Minister of Agriculture
- In office 1964–1964

Minister of Agriculture and PTT
- In office 1959–1960

Minister of Agriculture
- In office 1958–1958

Personal details
- Born: Fouad Amine Najjar December 1909 Abadiyeh, Lebanon
- Died: 1992 (aged 82–83)
- Spouse: Anissa Rawda
- Children: 3

= Fouad Najjar =

Lebanese agronomist and politician (1909–1992)

Fouad Najjar (1909–1992) was a Lebanese agronomist and politician who served as minister of agriculture in 1958 and in 1964. He was also minister of agriculture and PTT between 1959 and 1960.
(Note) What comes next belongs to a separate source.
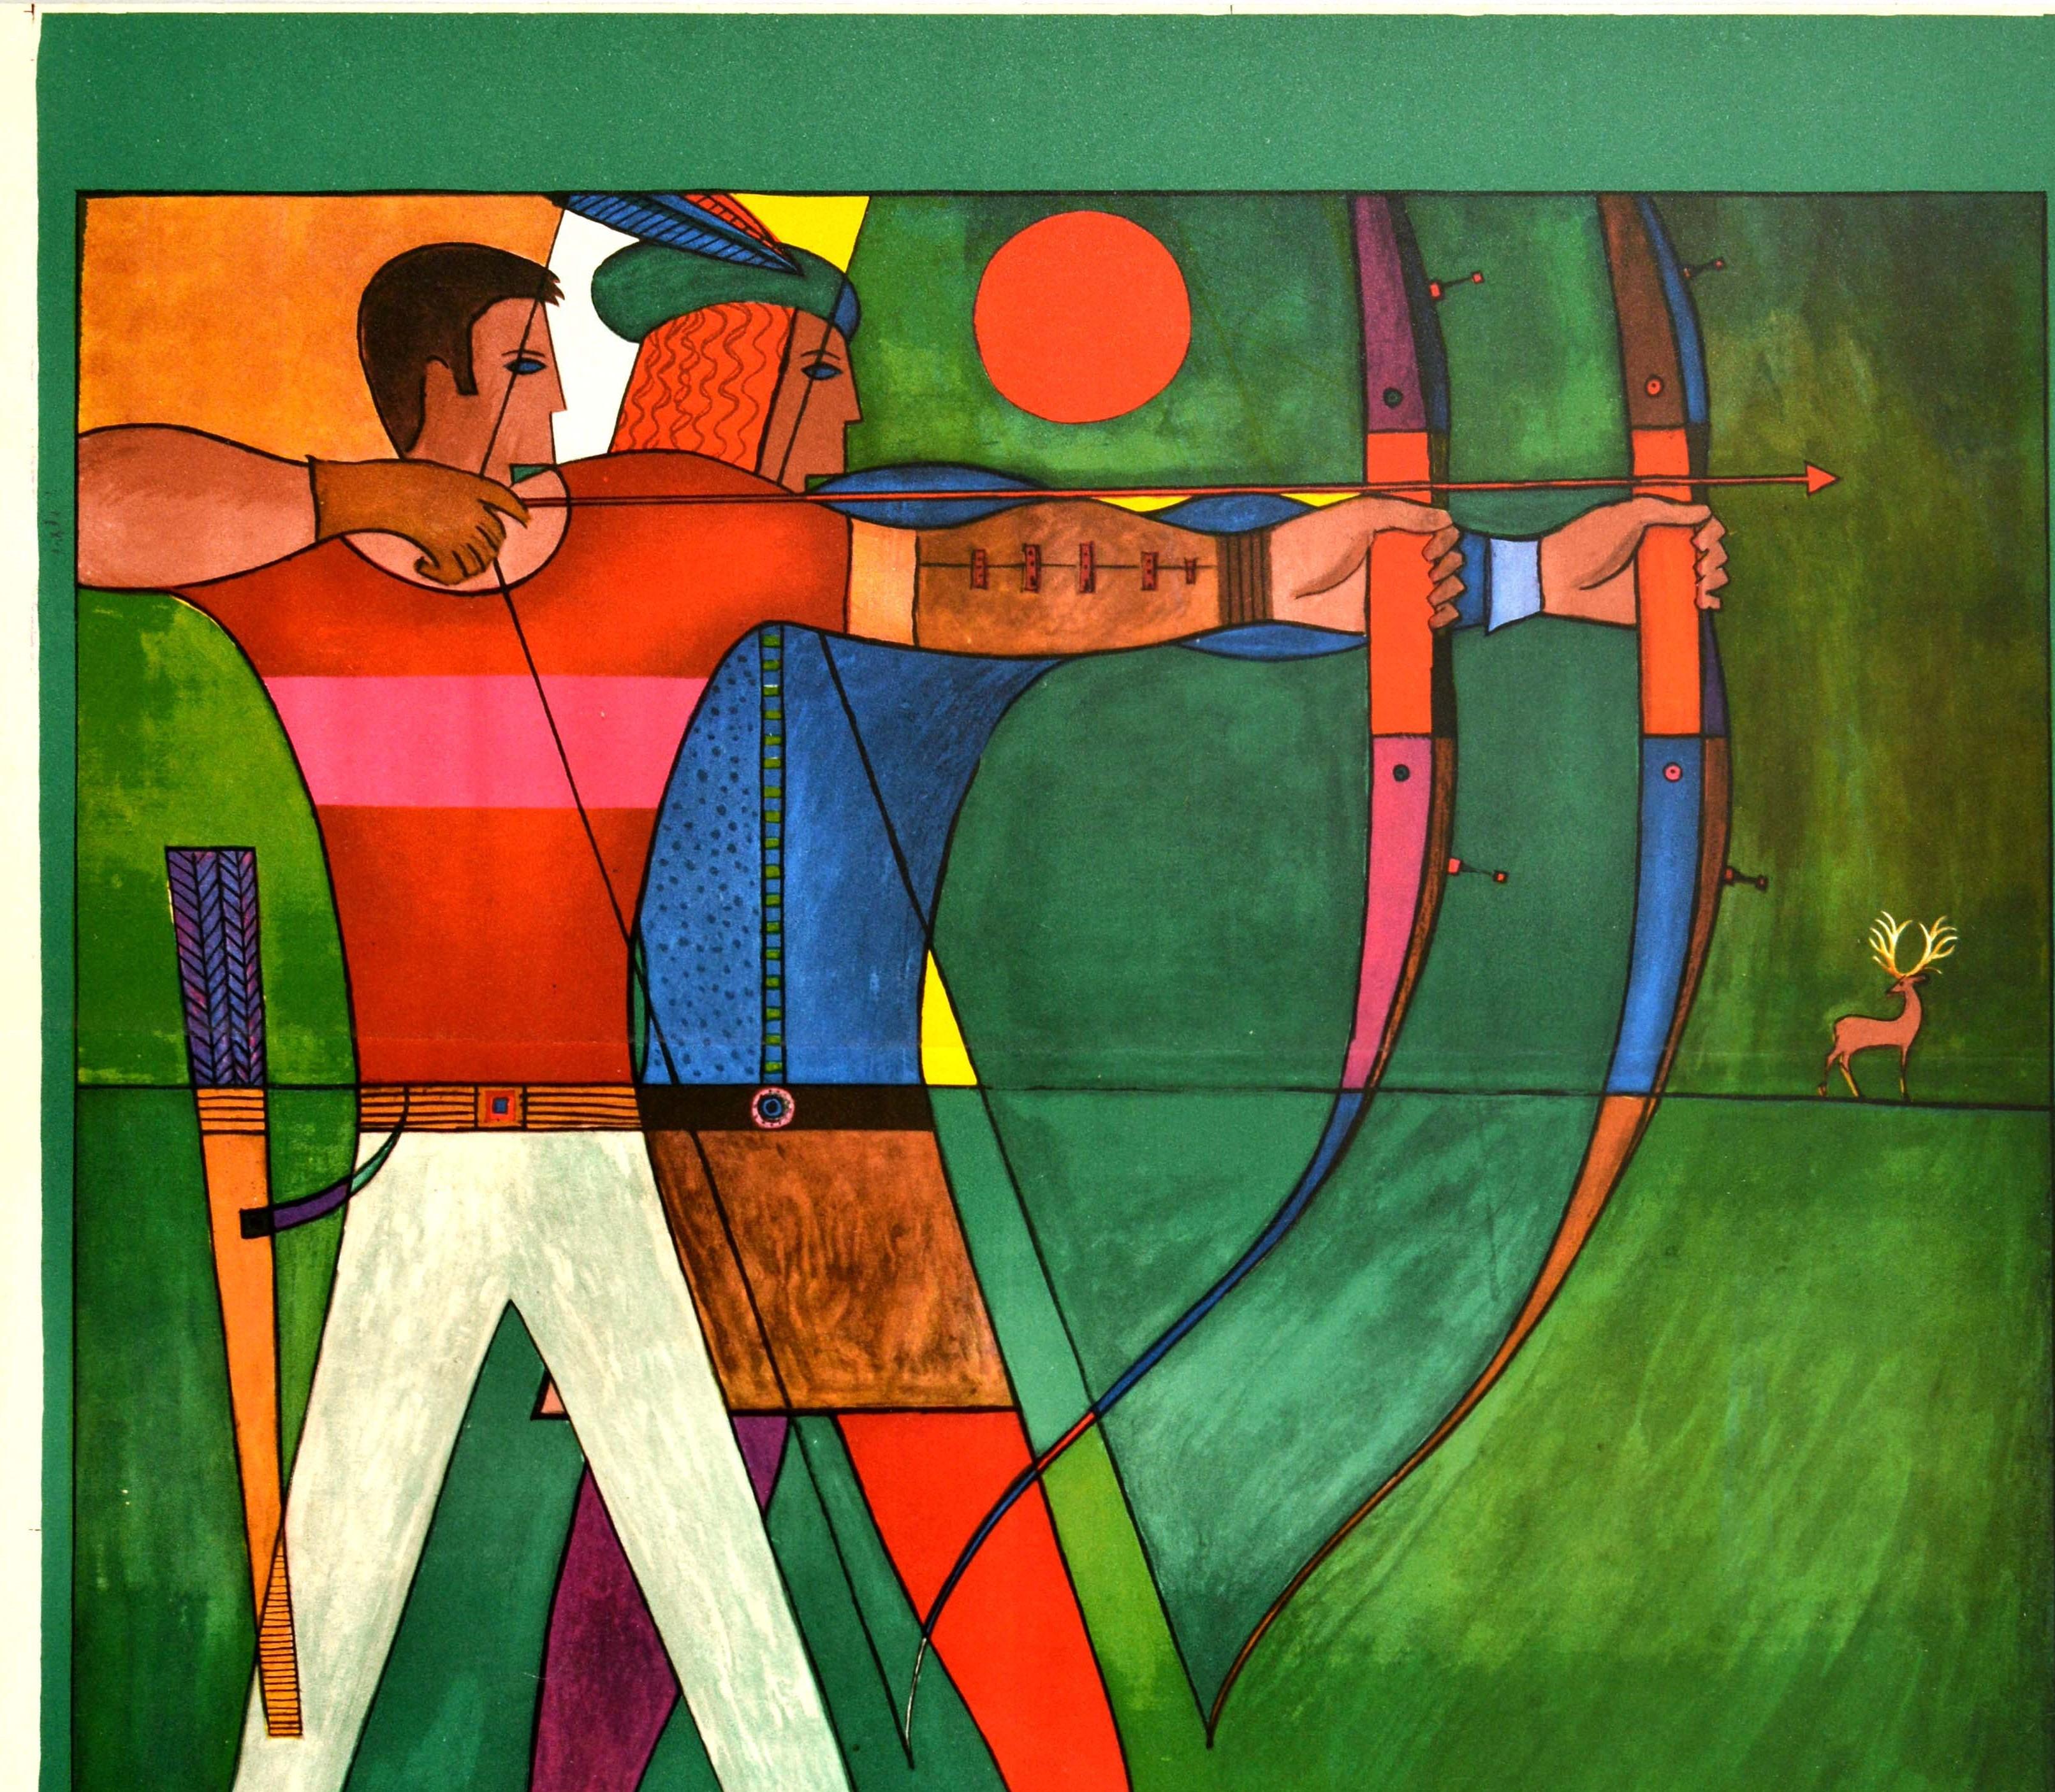 Affiche originale de sport soviétique d'époque - ? ??????? ? ? ? ??? Tir à l'arc - Ce superbe dessin représente deux archers avec des flèches dans leurs arcs sur un fond vert avec un soleil rouge derrière eux et un cerf aux bois dorés au loin.

==Early life and education==
Najjar was born in Abadiyeh, Lebanon, in December 1909. He hailed from a Druze family. His parents were Amine and Adla Najjar.
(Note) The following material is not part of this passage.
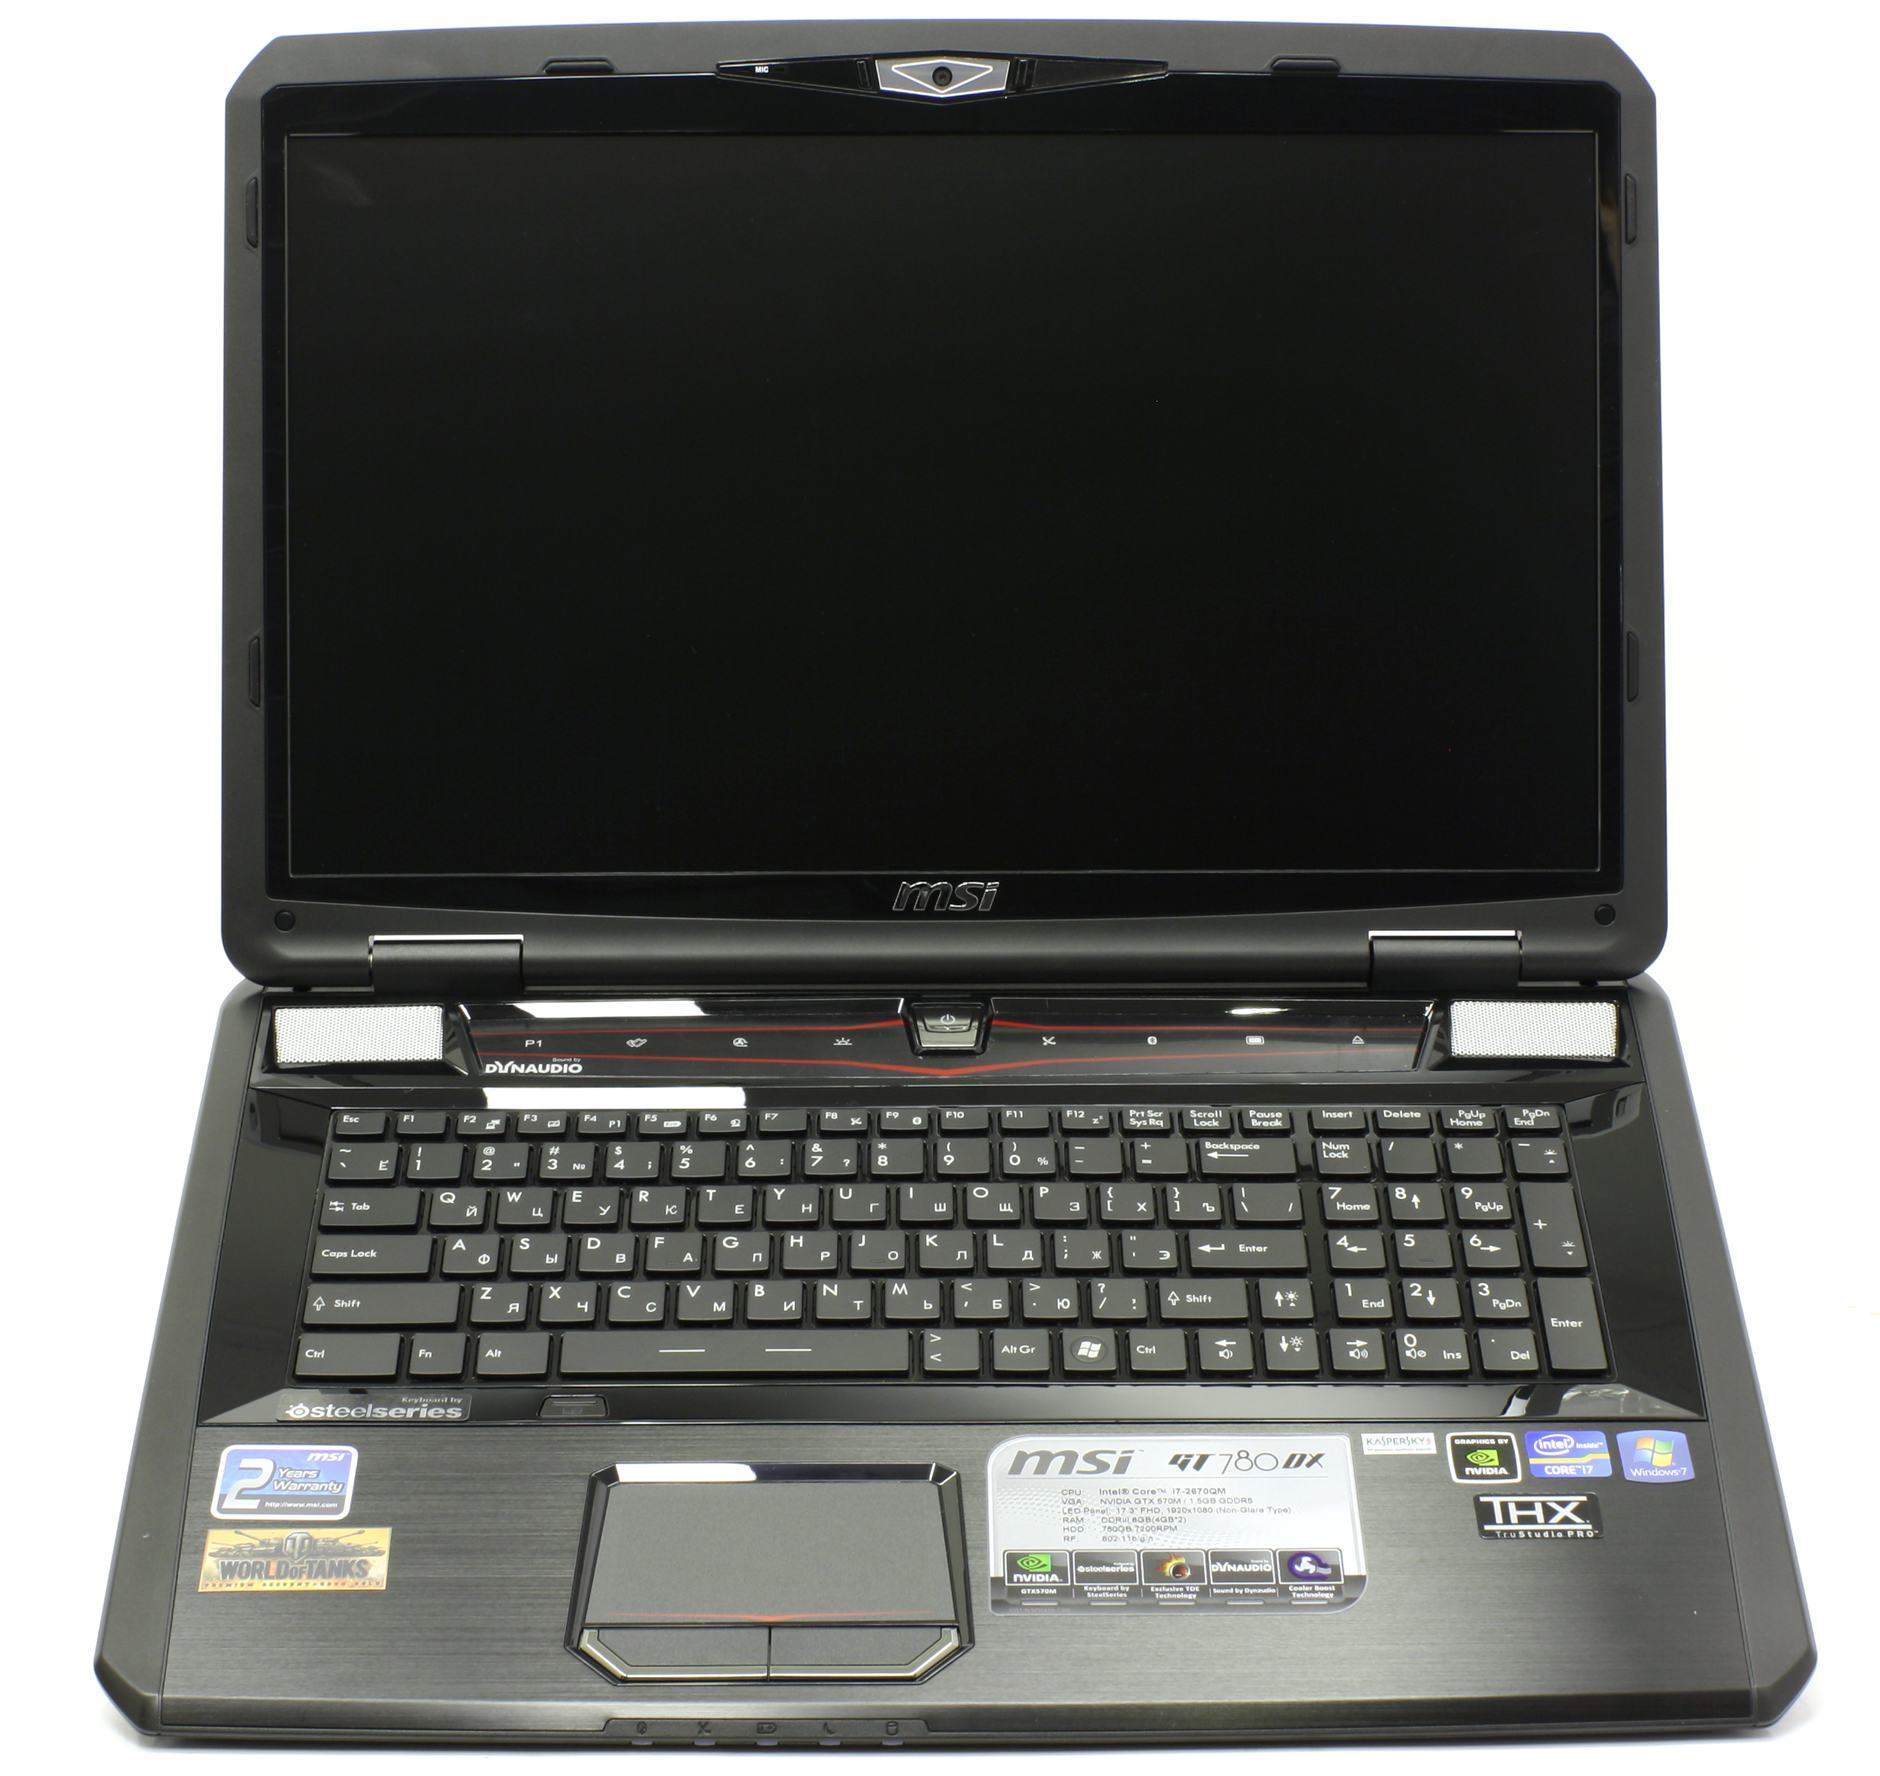 Цена Ноутбука Msi Gt780dx

Najjar was a graduate of the University College of Aley and French Lycée of Beirut. Then he graduated from the Higher National School of Agronomy in Montpellier, France, and received a Ph.D. in agronomy in 1932.

==Career and activities==
Following his graduation Najjar established an agricultural company and cofounded with his uncle an agricultural cooperation in Abadiyeh in 1937. He worked as a lecturer at the American University of Beirut from 1938 to 1948. He was appointed minister of agriculture in 1958. Next year he was named as minister of agriculture and PTT which he held until 1960. He continued to serve in the post as part of the cabinet of Ahmad Daouk between May and July 1960.
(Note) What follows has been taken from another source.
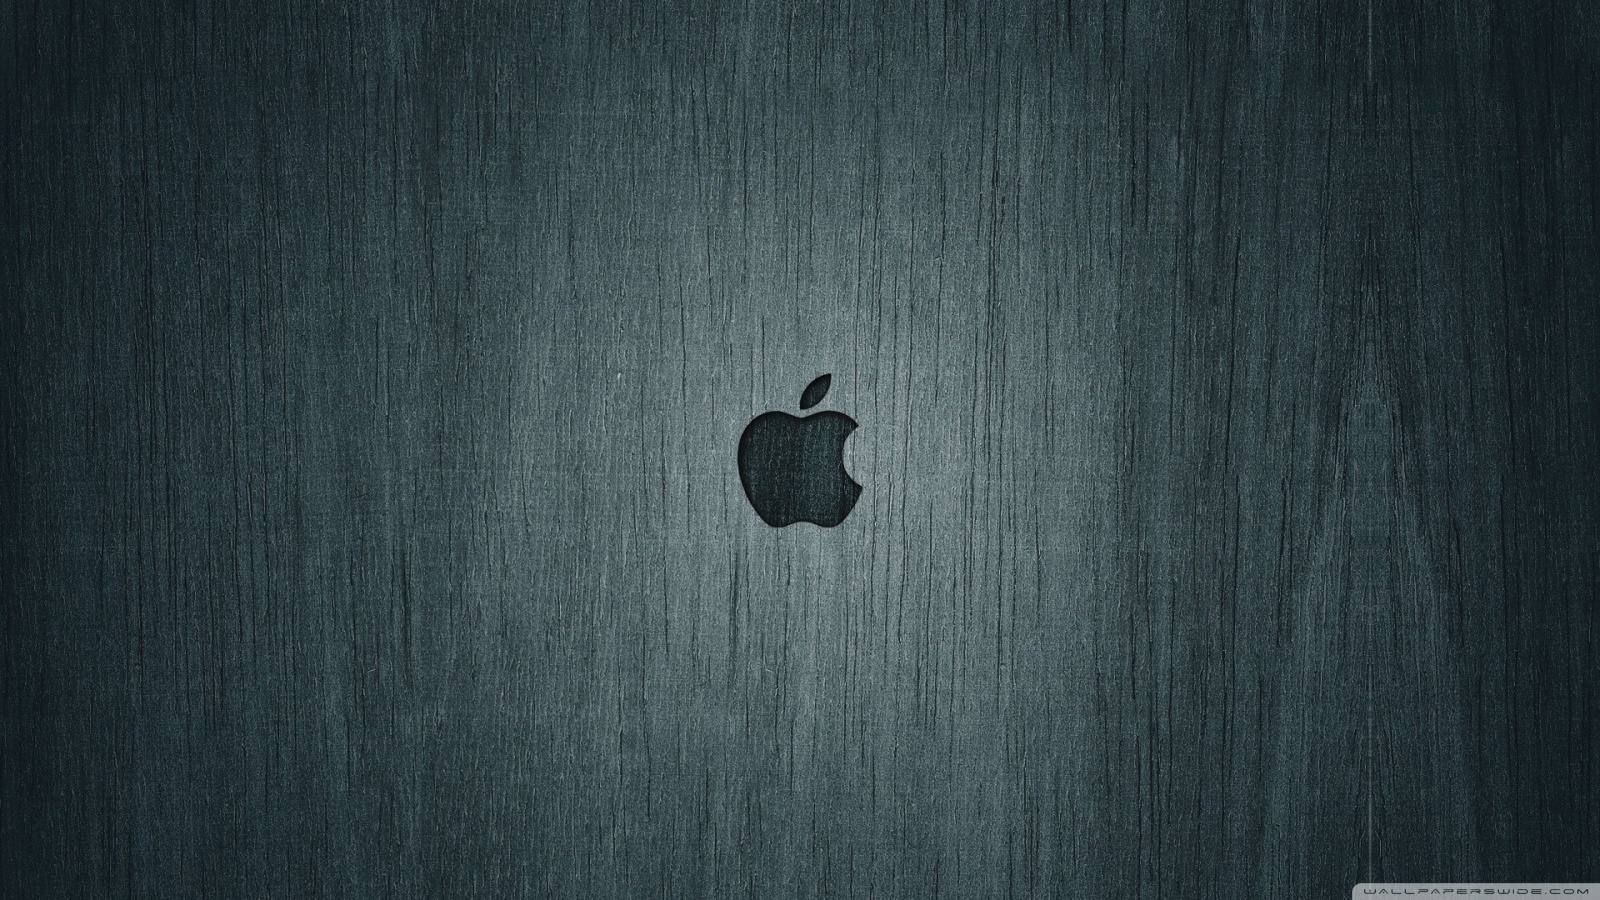 Apple Logo HD desktop wallpaper : Widescreen : High Definition ...

Najjar was elected as the president of the Lebanese Agriculturists in 1961. He became a member of the Druze Council in 1962. He was appointed minister of agriculture in 1964. He was named as the president of the Agronomy Research Institute in 1969.

Najjar represented Lebanon at various meetings of the Food and Agriculture Organization.

==Personal life and death==
Najjar married Anissa Rawda on 4 April 1944, and they had 3 children. He died in 1992.